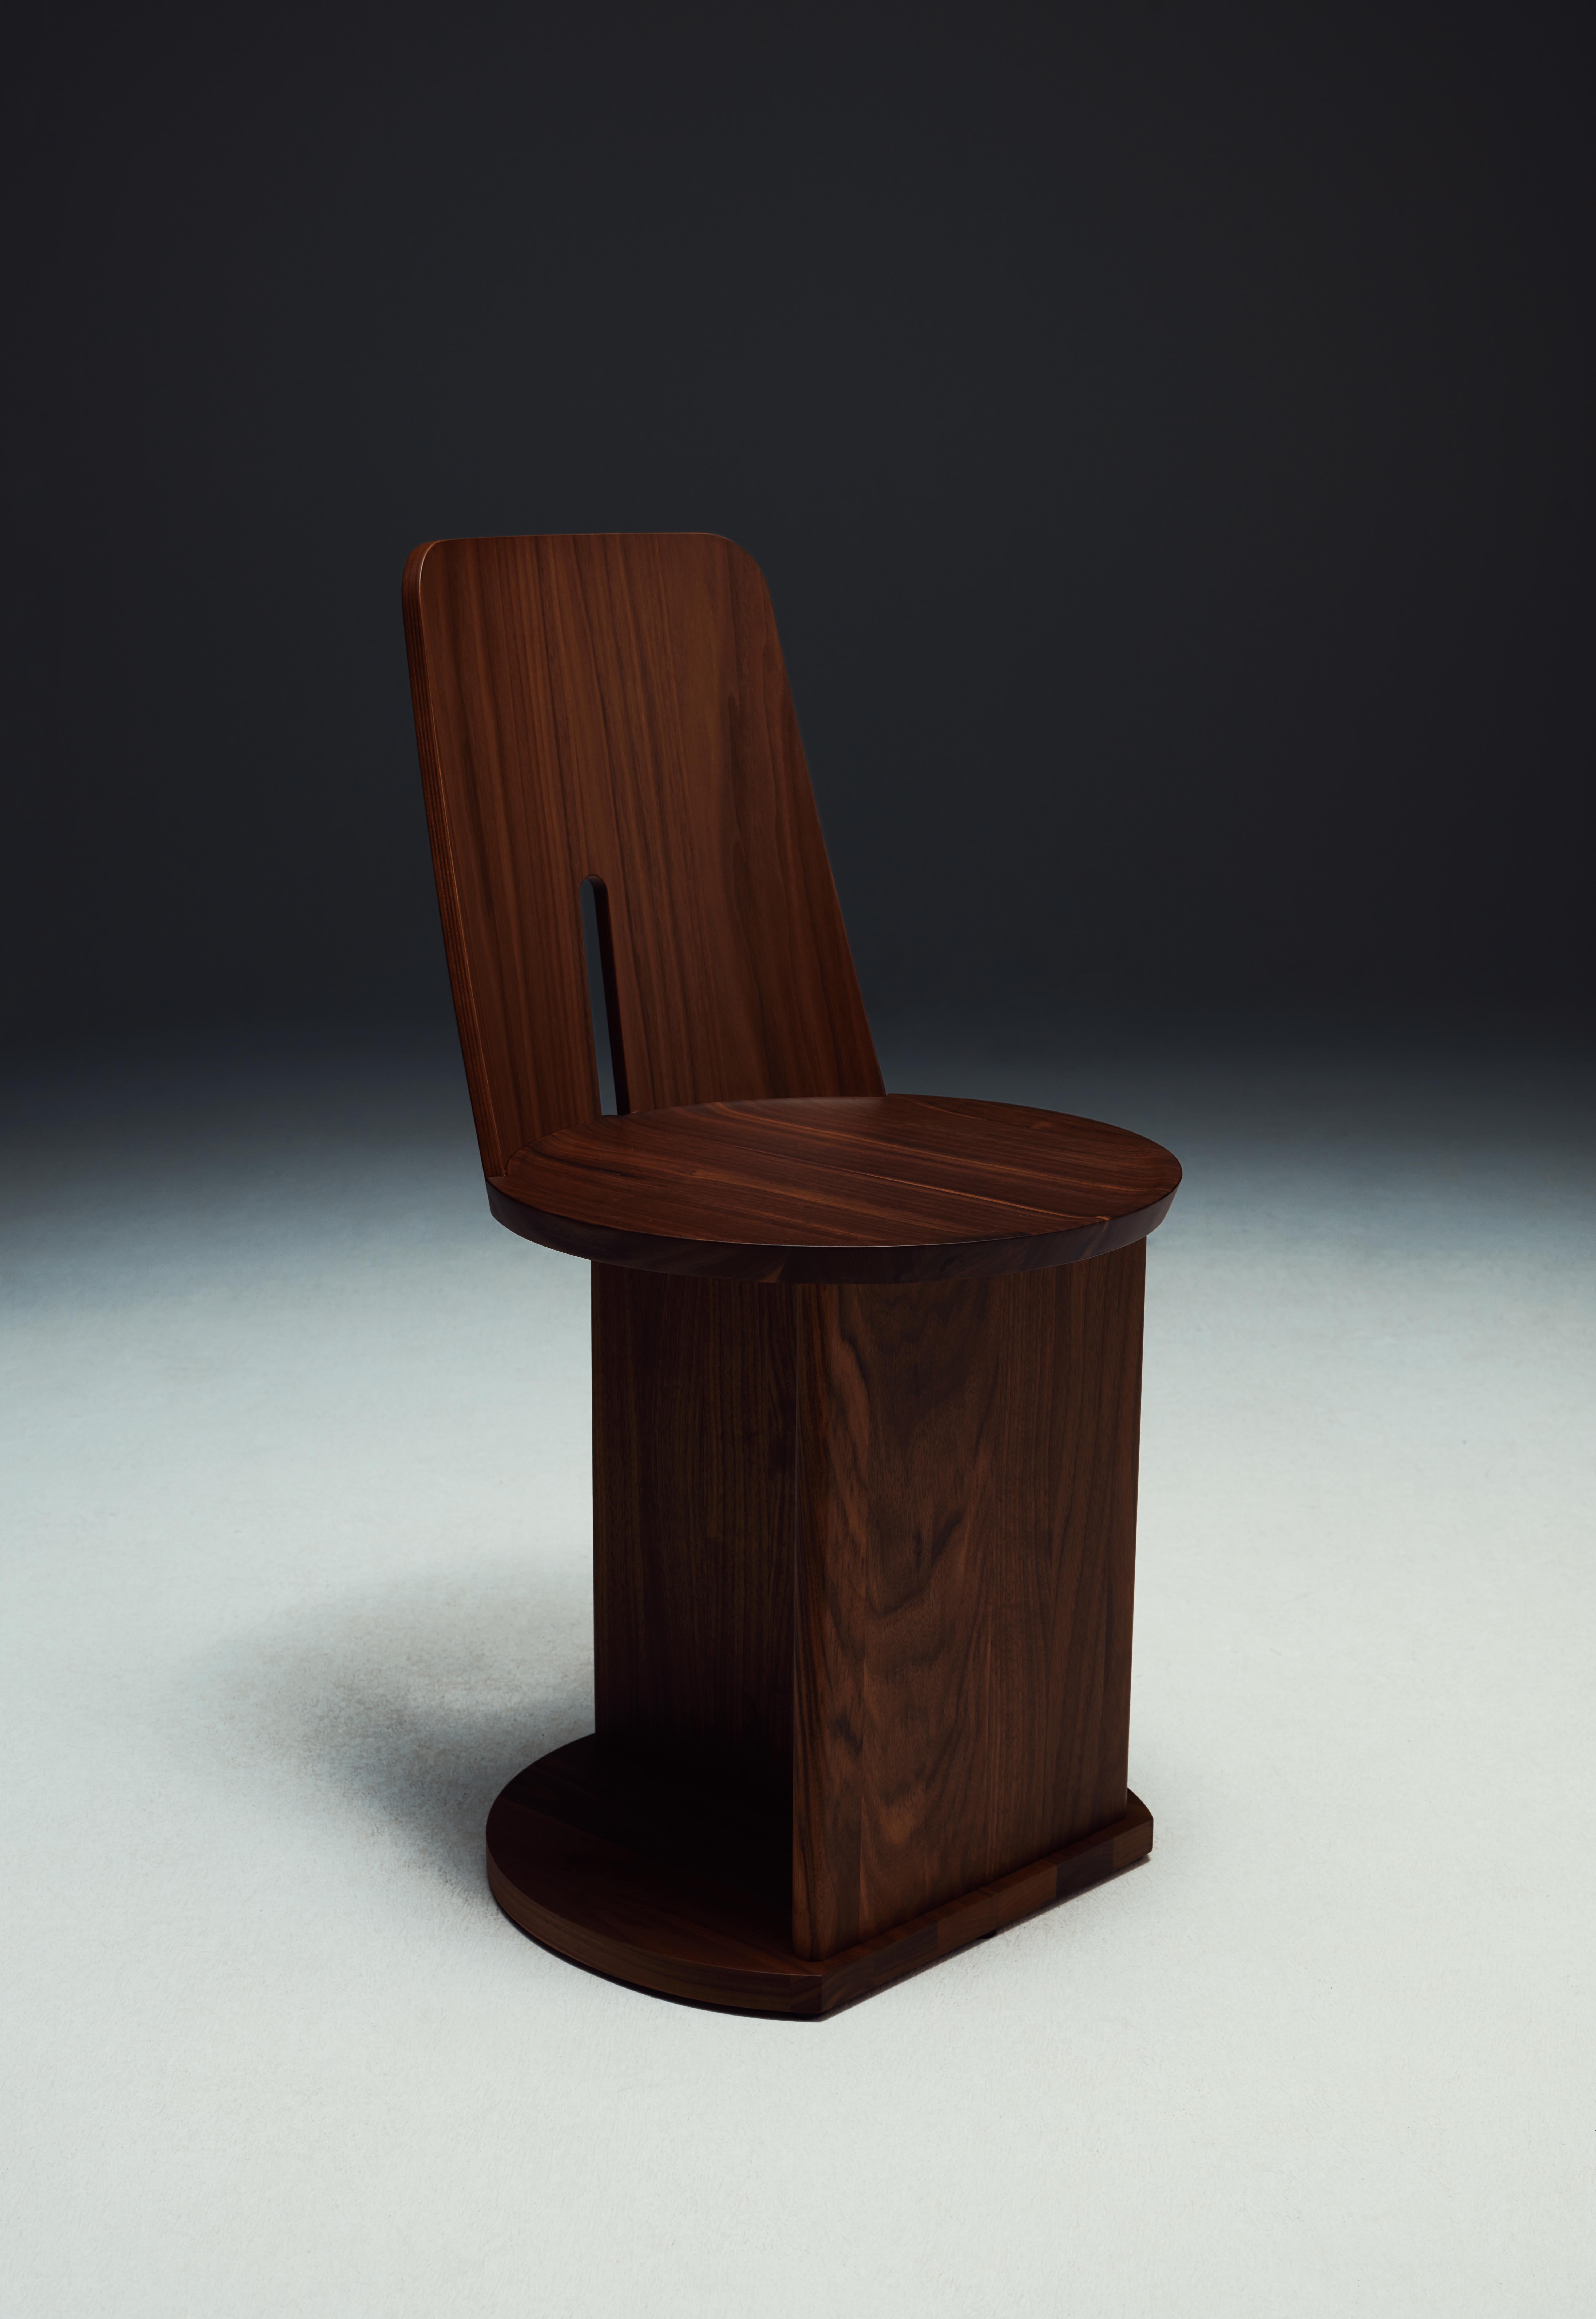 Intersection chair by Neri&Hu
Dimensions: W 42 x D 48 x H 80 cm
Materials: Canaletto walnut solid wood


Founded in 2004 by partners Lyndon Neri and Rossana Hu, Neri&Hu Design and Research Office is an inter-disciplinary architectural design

== TRY IT ==
From the line with "Dimensions: W 42 x D 48 x H 80 cm" to the end of the listing above, set down every line exactly as it appears, both ends included.

== SOLUTION FOR THIS EXERCISE ==
Dimensions: W 42 x D 48 x H 80 cm
Materials: Canaletto walnut solid wood


Founded in 2004 by partners Lyndon Neri and Rossana Hu, Neri&Hu Design and Research Office is an inter-disciplinary architectural design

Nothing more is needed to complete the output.